| Home Alphabetical |
About Pixels, Definition and Resolution |
This page explains basic concepts about dimensions of digital images.
Before you start, forget what you thought the word "resolution" meant because with 99% probability you have the wrong concept in mind.
A digital image is a rectangle of pixels. Look at this small yellow arrow on a green background:

if we enlarge it, we will see something like this:

Here we can see how the image is built from little squares, called "pixels" or "picture elements". Each pixel has a colour.
In our example, most pixels are green, some have shades of yellow, a few on the yellow/green boundaries have colours in between.
Our image is 26 pixels wide and 16 pixels high:

The definition of the arrow image is 26x16. There are no units: definition is purely about the number of elements that compose the image.
The word definition may be familiar from such expressions as high-definition TV (HDTV).
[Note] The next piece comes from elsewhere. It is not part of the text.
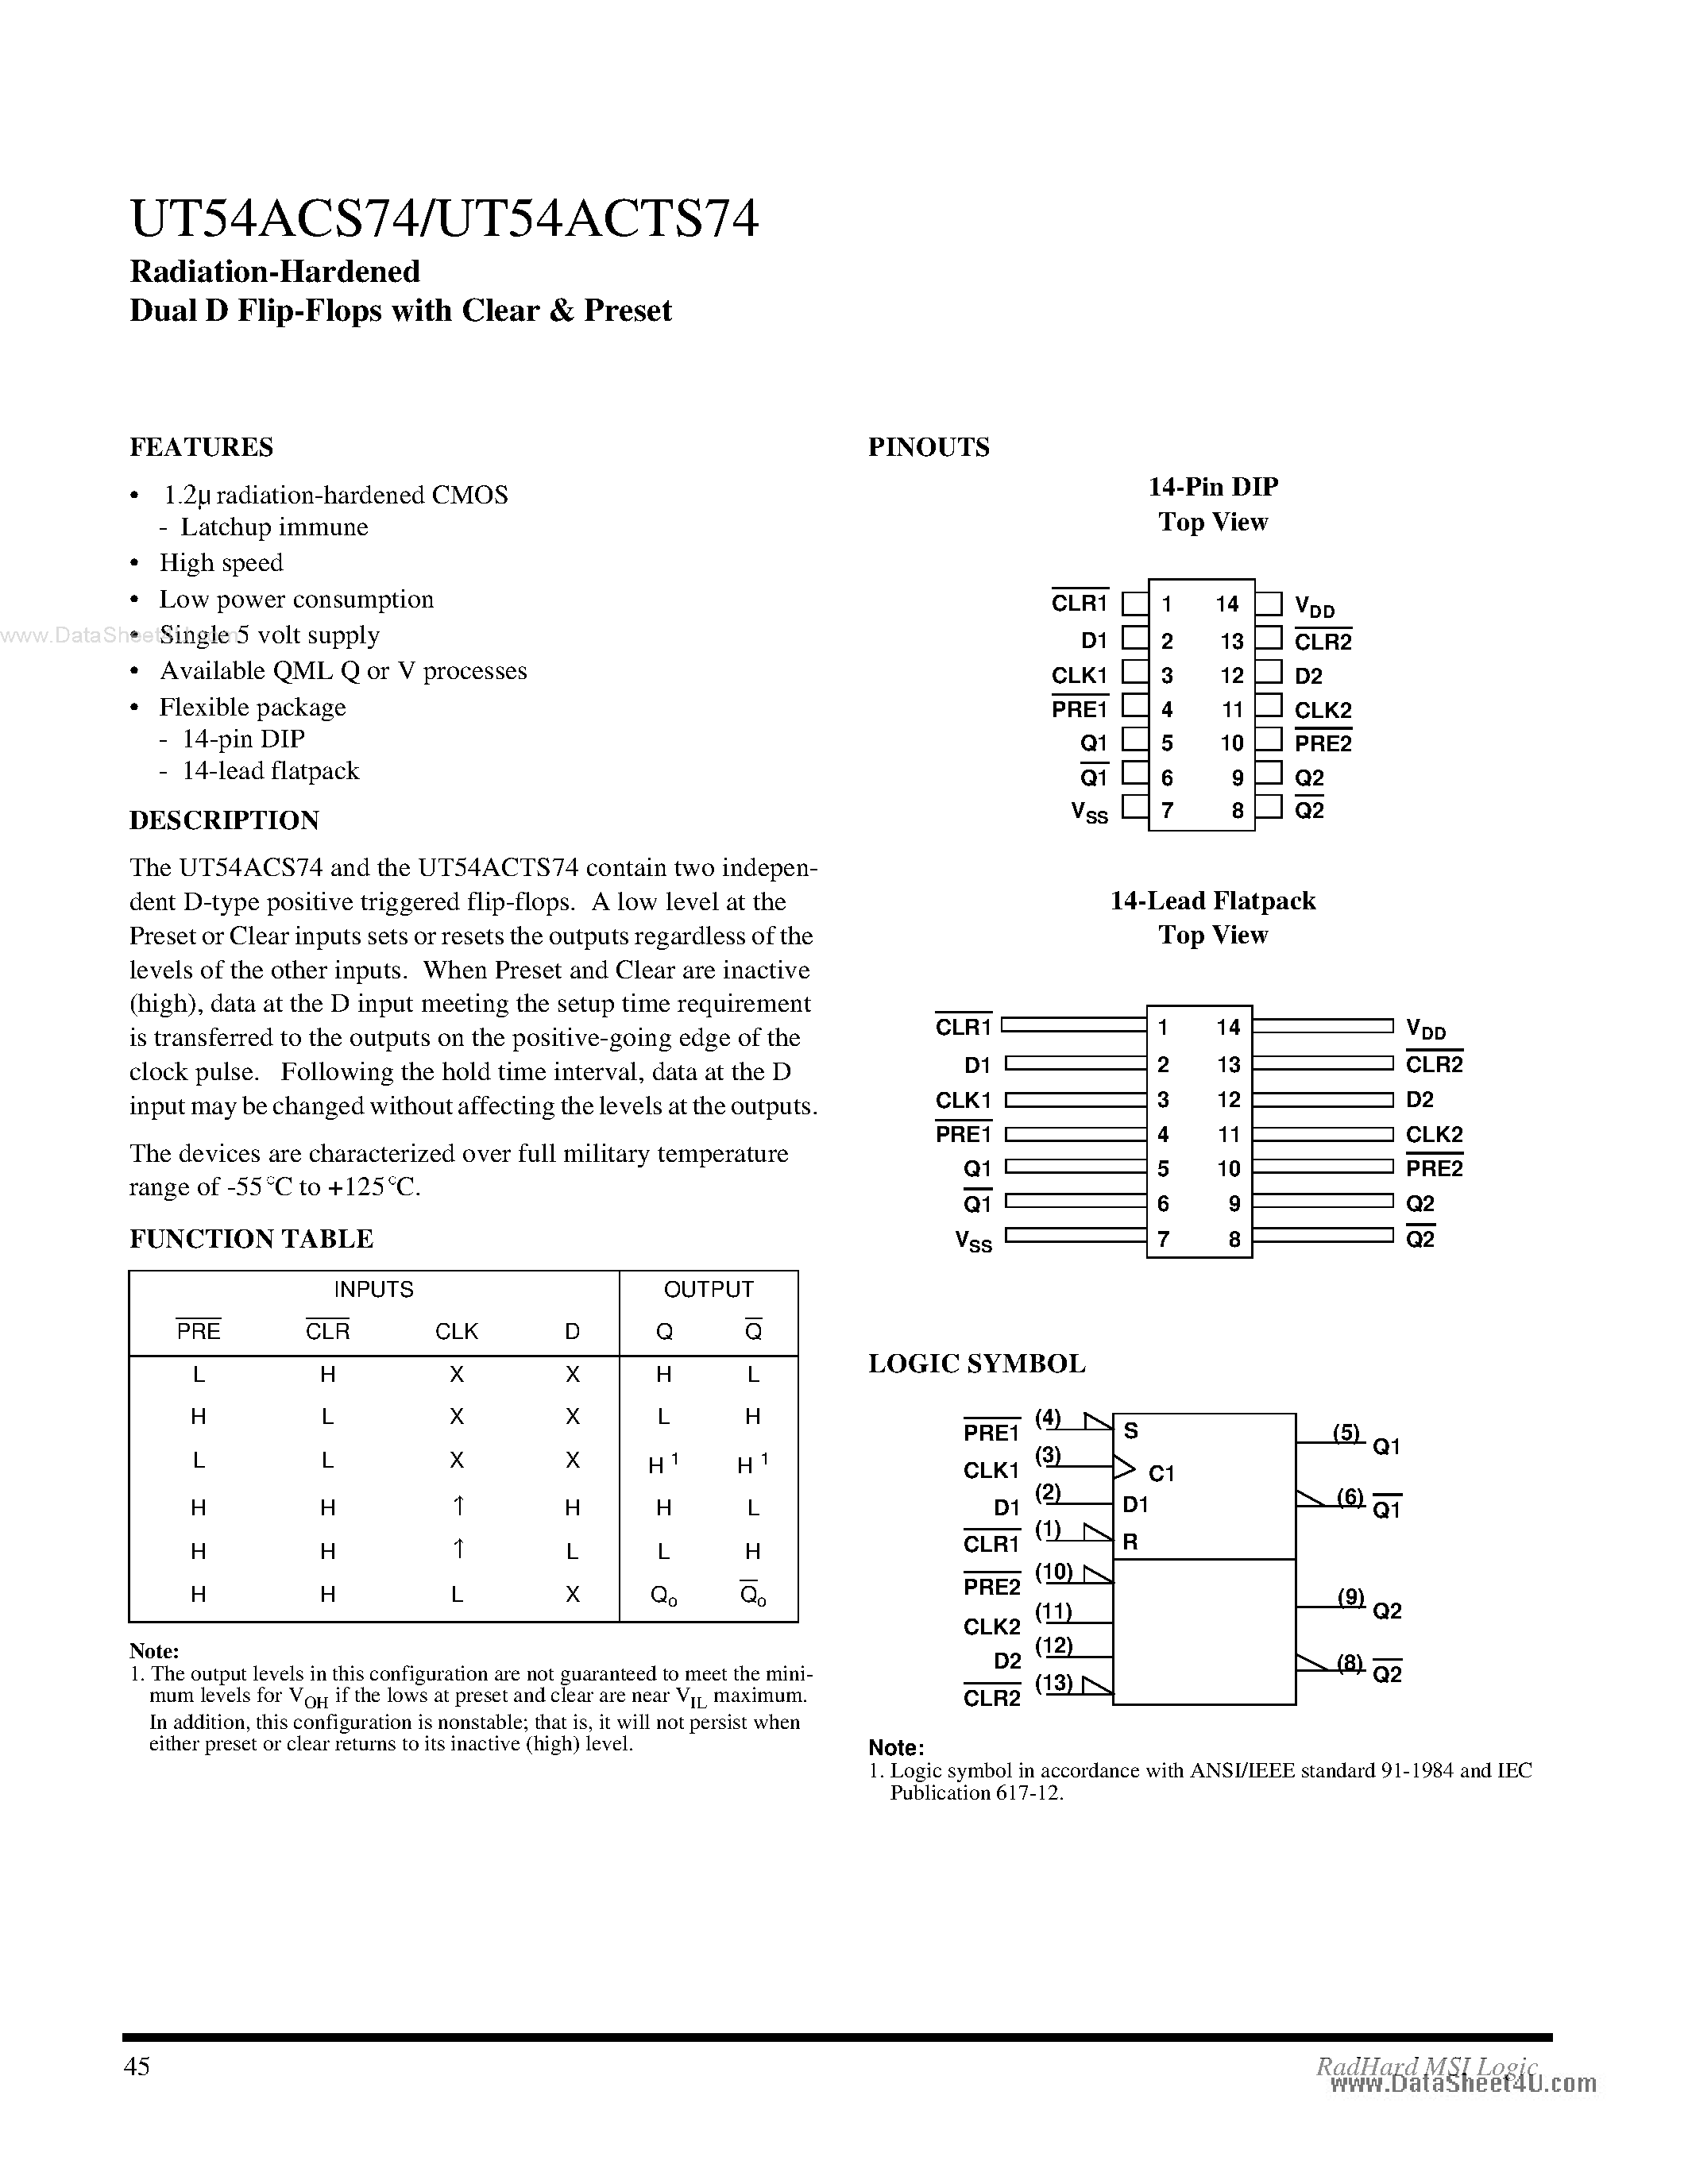 Datasheet UT54ACS74 - Radiation-Hardened Dual D Flip-Flops page 1

There too it expresses the number of elements: HDTV has more lines to build up the image than normal TV does.
The higher the definition the more pixels are used and therefore the bigger the disk space needed to store the file of the image.
Look at these two images:
![]() A |
B |
The image contains information: flowers, trees, letterboxes, other objects, sometimes even text. The left one, A, has one pixel for each pixel on your screen. The right one, B, has a hundred times fewer pixels to represent the same scene.
The definition of A is 300x220; that of B is 30x22.
B looks worse because there are fewer pixels to hold the information representing the scene.
But both images cover the same view. B just has 100 times less information: 660 pixels against 66'000 pixels for the left one. Its pixels have been made bigger than the pixels of A, so B can cover the same area.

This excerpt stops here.